И вот 06.09.70г. меня наконец-то спросили: «Оленька, сколько тебе лет?» Именно лет, а не годиков. Вчера было ещё 4 годика, а сегодня уже – пять лет. Как всем взрослым. И я для себя решила, что до вчерашнего дня – это было детство. Бабушка Мария Васильевна рассказывала, что когда мне было 10 дней от роду, моя мама была вынуждена выйти на работу и преподавать в 3 смены, т.к. учителей не хватало. И когда я орала от голода, бабушка выставляла длинный шест с завязанной на нём красной тряпкой, чтобы его было видно из окна школы. Тогда мама объявляла перемену и бежала меня кормить. А сейчас я ей помогаю проверять тетради. Я уже давно не упрашиваю, сунув нос в каждую тетрадку: «Мама, поставь стульчик!» – оставаясь очень довольной, если мне удавалось её уговорить поставить этот самый «стульчик». Теперь я уже знаю, что это никакой не стульчик, а оценка 4. Совсем даже не плохая. И в числах я давно кое-что понимаю, и чувствую себя весьма образованной особой.

25.05.72г. Я уже окончила первый класс и сегодня даю последний звонок выпускникам. У меня в левой руке, как мне кажется, огромнейшая подушка, на которой лежит школьный колокольчик. Я прохожу по периметру в спортзале. «Маленькая девочка с большой головой», – говорит ученик второго класса. Колокольчик в моих руках едва издаёт слабый звук, похожий на звук своего сородича, привязываемого к шее телёнка, чтобы тот не потерялся. Моих силёнок не хватает трясти этой металлической штуковиной. И в голове единственная мысль: «Зачем на мои реденькие волосы привязали четыре банта? Больно затянули. Больно! Ещё чуть-чуть осталось пройти ….» И вот мама забирает у меня из руки большую подушку – стало удобнее звонить.

Да, в статусе дочери учительницы было моё некоторое преимущество, но наряду с определённым неудобством.
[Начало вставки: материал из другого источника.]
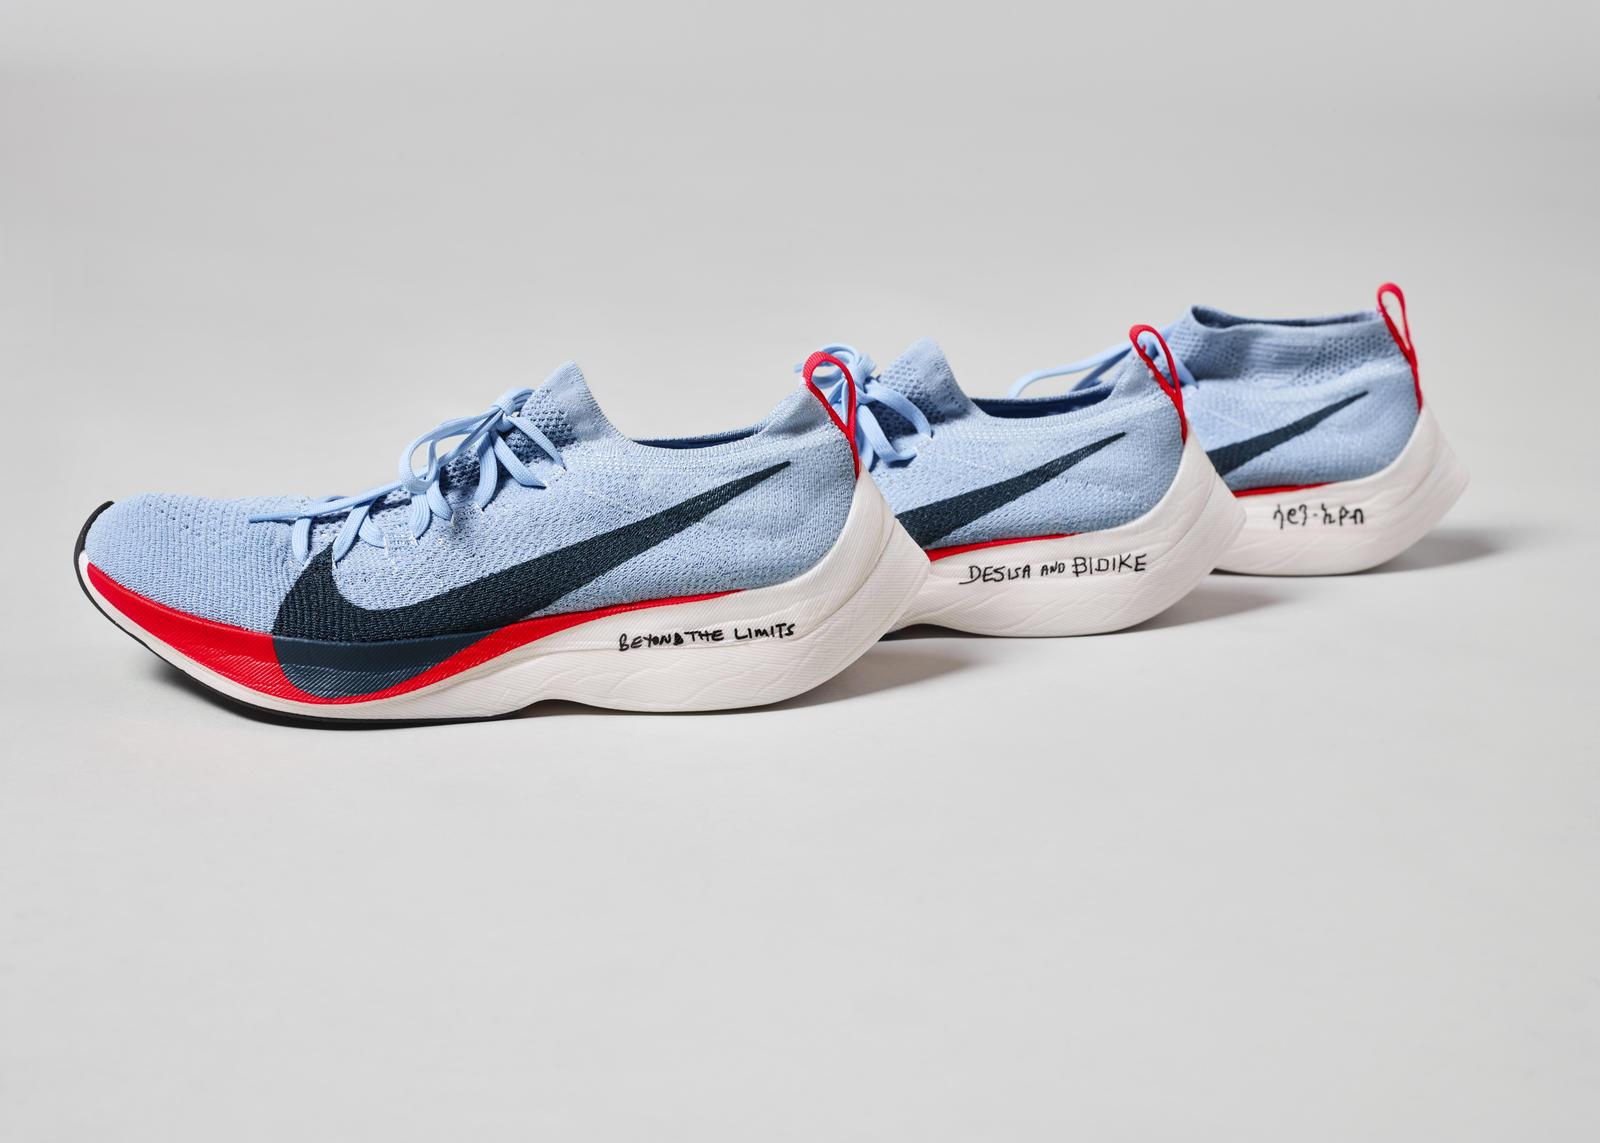 New Nike Running Shoes June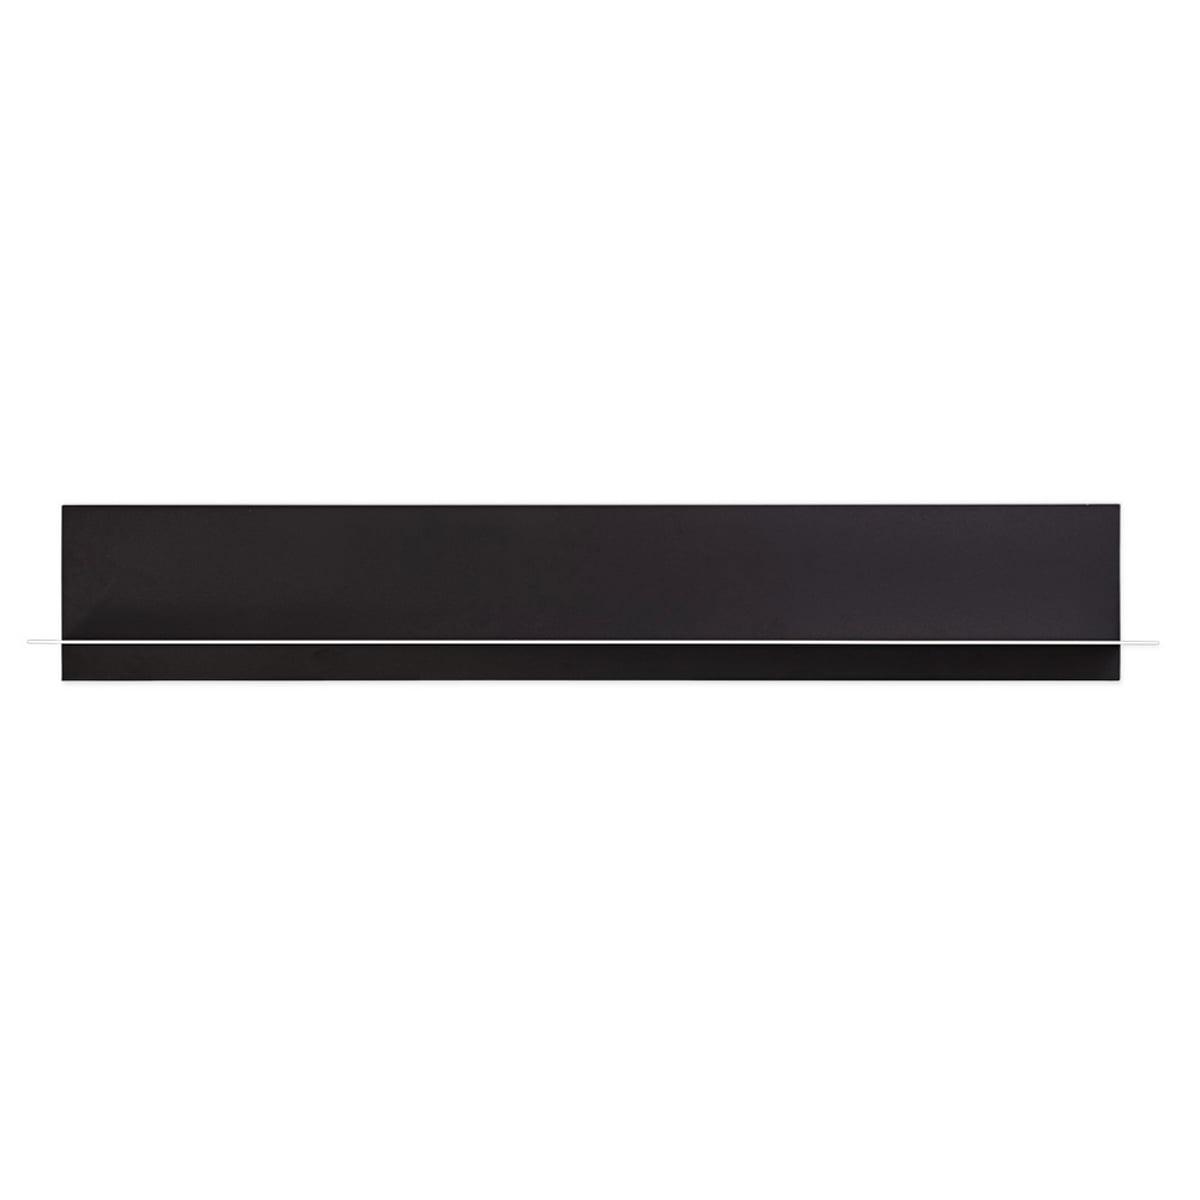 Paper Shelf Wandregal Schwarz A2 Design Letters

Дети относились к нему по-разному. Чем старше я становилась, тем больше мне это словосочетание мешало.

Каждую зиму Мария Федоровна ходила в школу с ватагой малышни, едва поспевающей за ней, хоть и шагала не так уж быстро. Напоминала квочку с цыплятами. Когда мы стали постарше, мы слегка посмеивались над этой картиной. Ещё бы! Мы-то уже взрослые. А малышня бежала за ней по морозу и сильному ветру, волоча свои портфели, то и дело вытирая мокрые носы. А когда совсем становилось холодно, Мария Федоровна, отвлекая их, громко рассказывала, какой красивый сегодня иней на деревьях, как красиво искрится снег; и ещё говорила, что если отсчитать десять шагов, то и школа будет ближе на целых десять шагов. Осторожно потирала малышам щеки, чтобы не обморозили. Поправляла воротники, посильней кутала платки, порой даже почти не оставляя глазкам возможность большого обзора. «Пёдоровна! Пёдоровна! – кричит одна девочка, – Подожди!» –«Не Пёдоровна, а Мария Фёдоровна!» – возмущенно поправляю я, на секунду забыв, что холодно. Мария Фёдоровна чуть позже мне объясняет, что не надо, мол, так реагировать: просто девочка только начала учиться говорить по-русски. А в казахском языке звука «ф» практически не существует. Иногда я прибегала к ней в «маленькую школу» попросить 10 копеек на пирожки, малышня обступала нас, с любопытством меня разглядывая и ловя каждое слово в диалоге. Я топала ногой: «Кыш!» Малышня разбегалась. Мария Федоровна неодобрительно на меня смотрела и одними губами мне говорила: «Как некрасиво!» Меня это веселило. «Почему ты всегда держишь в рукаве носовой платок?» – спросила я её однажды. – «Потому что, когда направляешь почерк ребёнка, надо обхватить пальчики, которые держат ручку, а они не всегда сухие»,– деликатно ответила она.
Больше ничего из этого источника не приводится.